I'm seriously concerned that if the CF contacts this individual he will not speak kindly of me, and that it will be detrimental to my application.  The CF does not know this individual, nor the manner in which he conducts his business. The corollary of this, is that I know I cannot willfully omit a previous position. 

Your advice on this issue is appreciated.


----------



## OldSolduer (12 Dec 2011)

Full disclosure - tell the CF you worked for this dude.

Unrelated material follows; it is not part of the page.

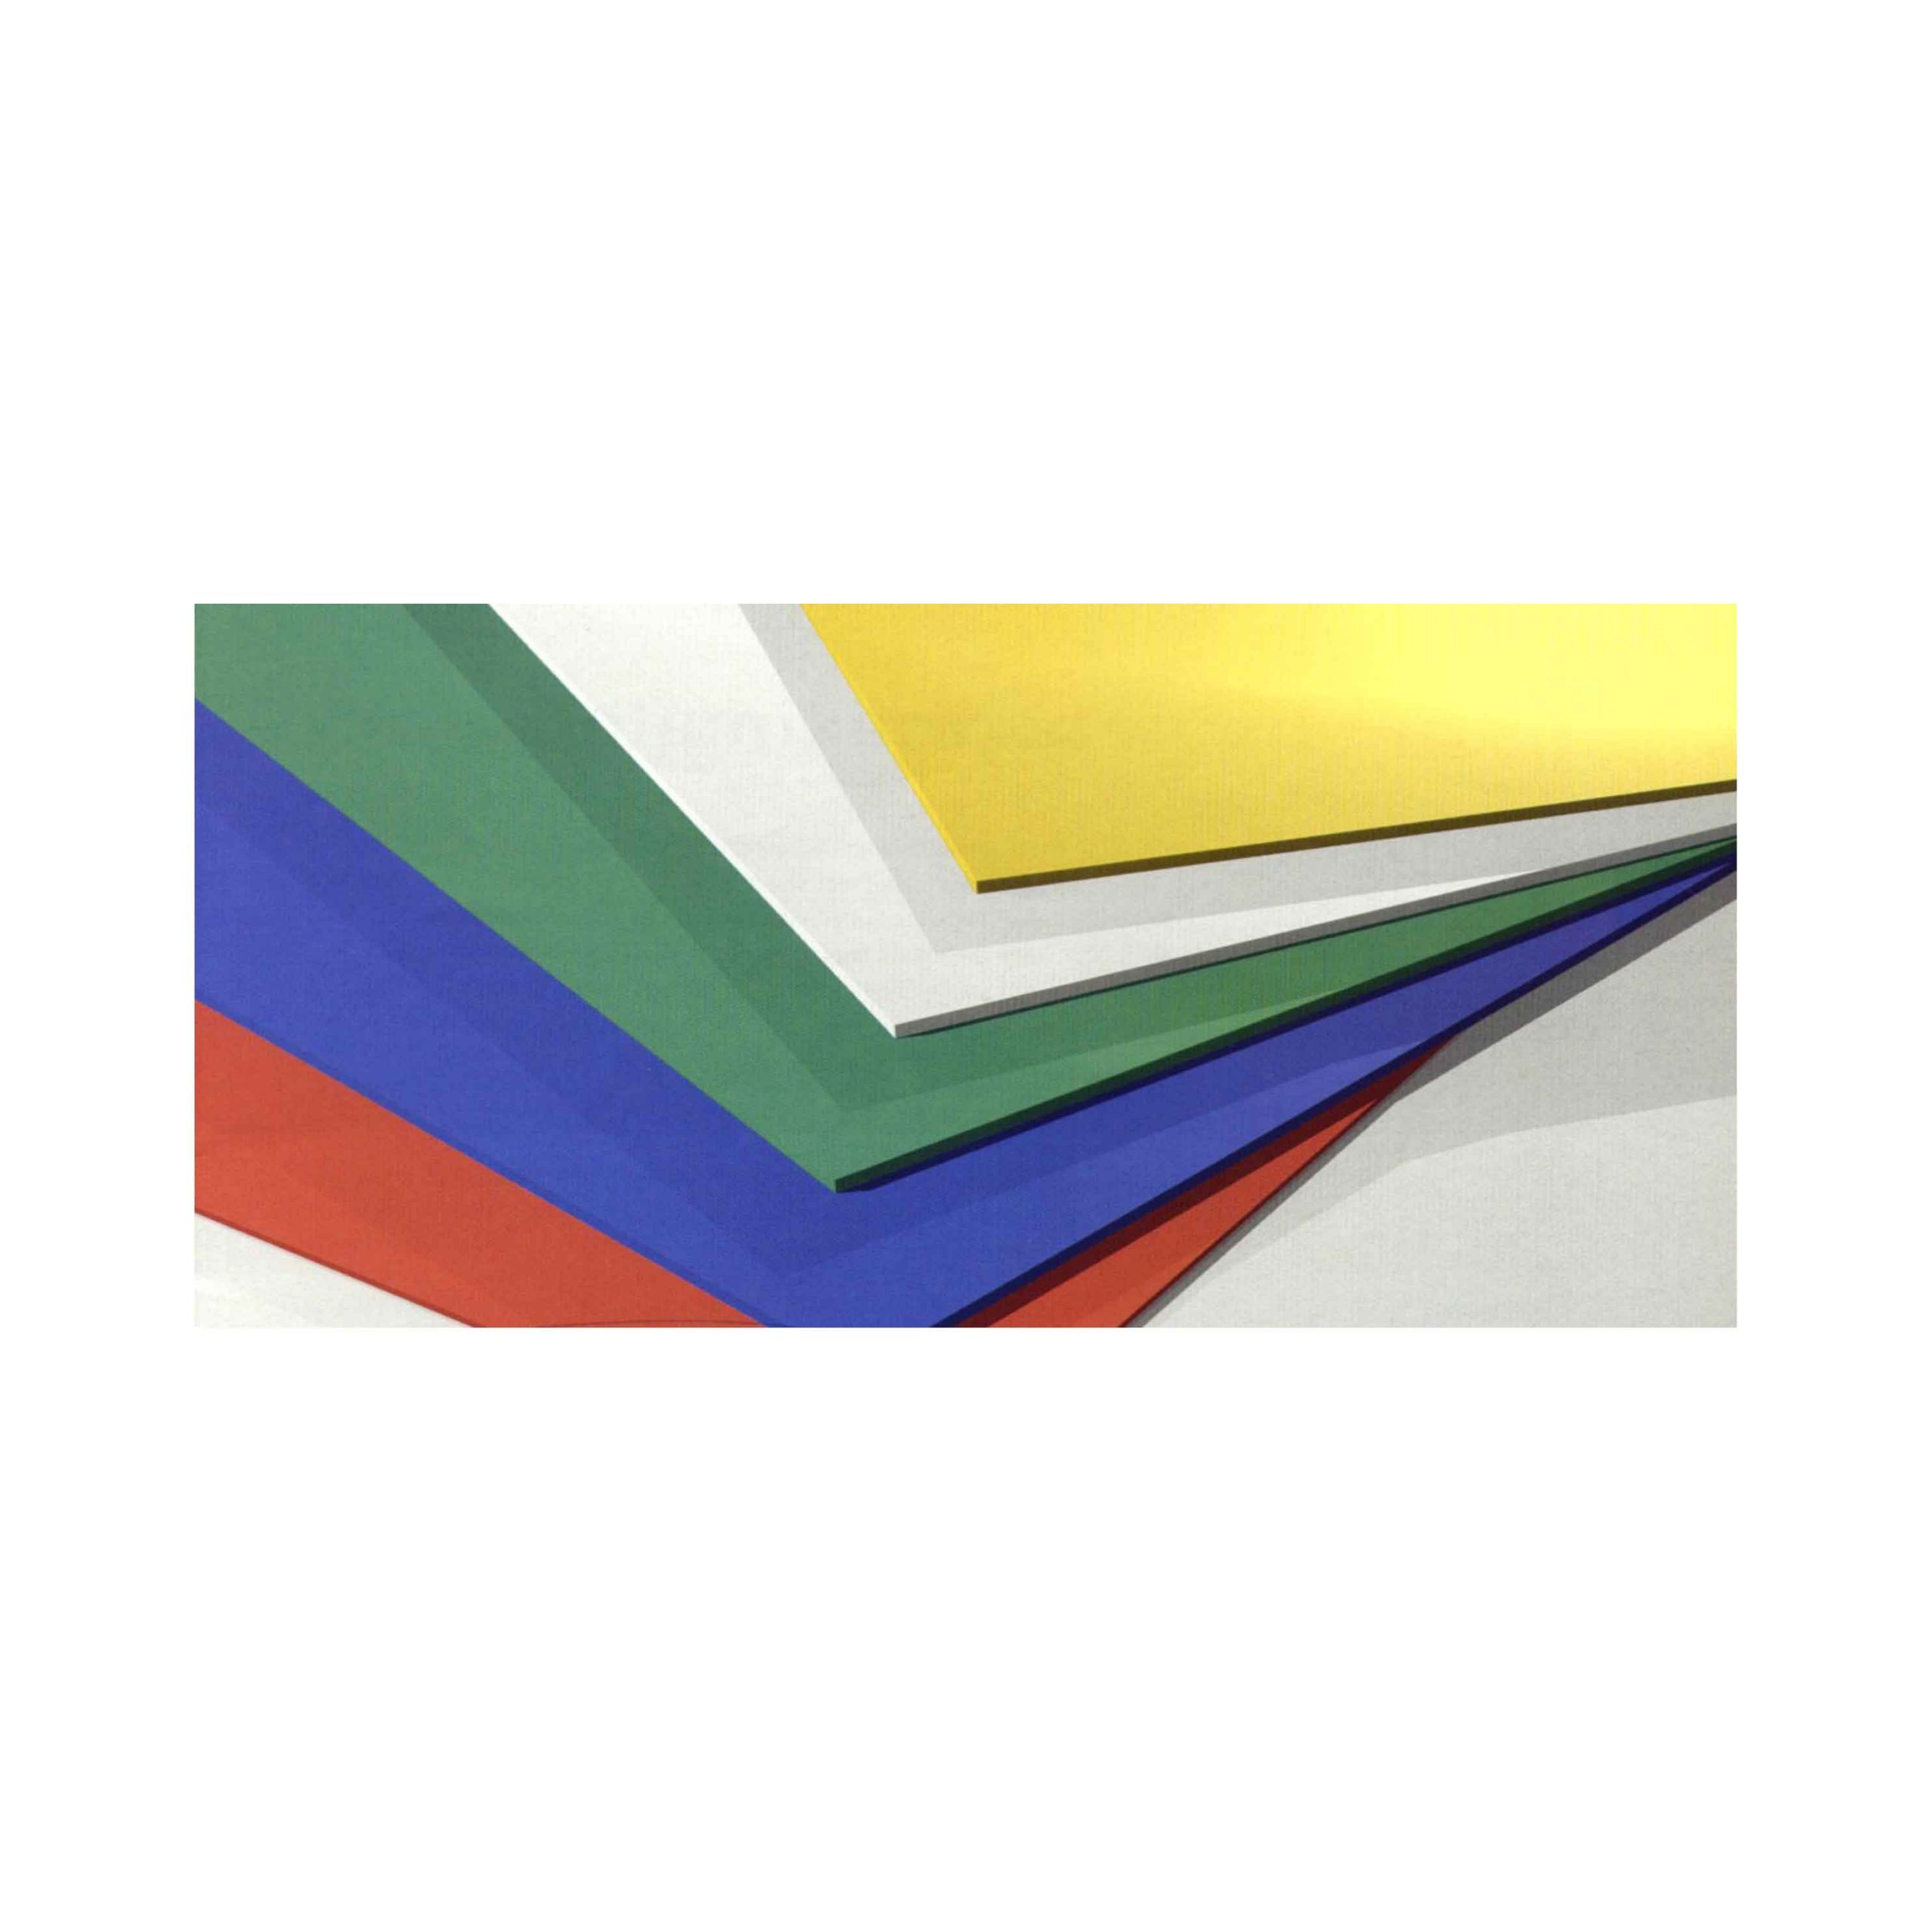 PLAQUE_PVC_BLANC_DECO_REF_6514_SEMI_RIGIDE_BSB_CAOUTCHOUCS_PLASTIQUES

I have no idea if this will affect your enrolment or not.


----------



## Pusser (12 Dec 2011)

By all means, fully disclose your employment history (you'll need to for a security clearance anyway), but certainly also tell your recruiting centre your side of the story.  Keep in mind that if all of your fomer employers speak well of you and only one knob does not, his comments will likely be tossed out.  The CF understands that its applicants may not be loved by everyone.   Think about it:  when you tell your boss at Greanpeace that you're leaving to join the Army, chances are that his thoughts of you are not going to improve...


----------



## vonGarvin (12 Dec 2011)

Tell them everything.  When I was going through the recruiting process, I freely told them that I was (then) a regular user of hashish.  They told me that I couldn't do that in the military.  I shrugged and asked if I could drink.  He said yes.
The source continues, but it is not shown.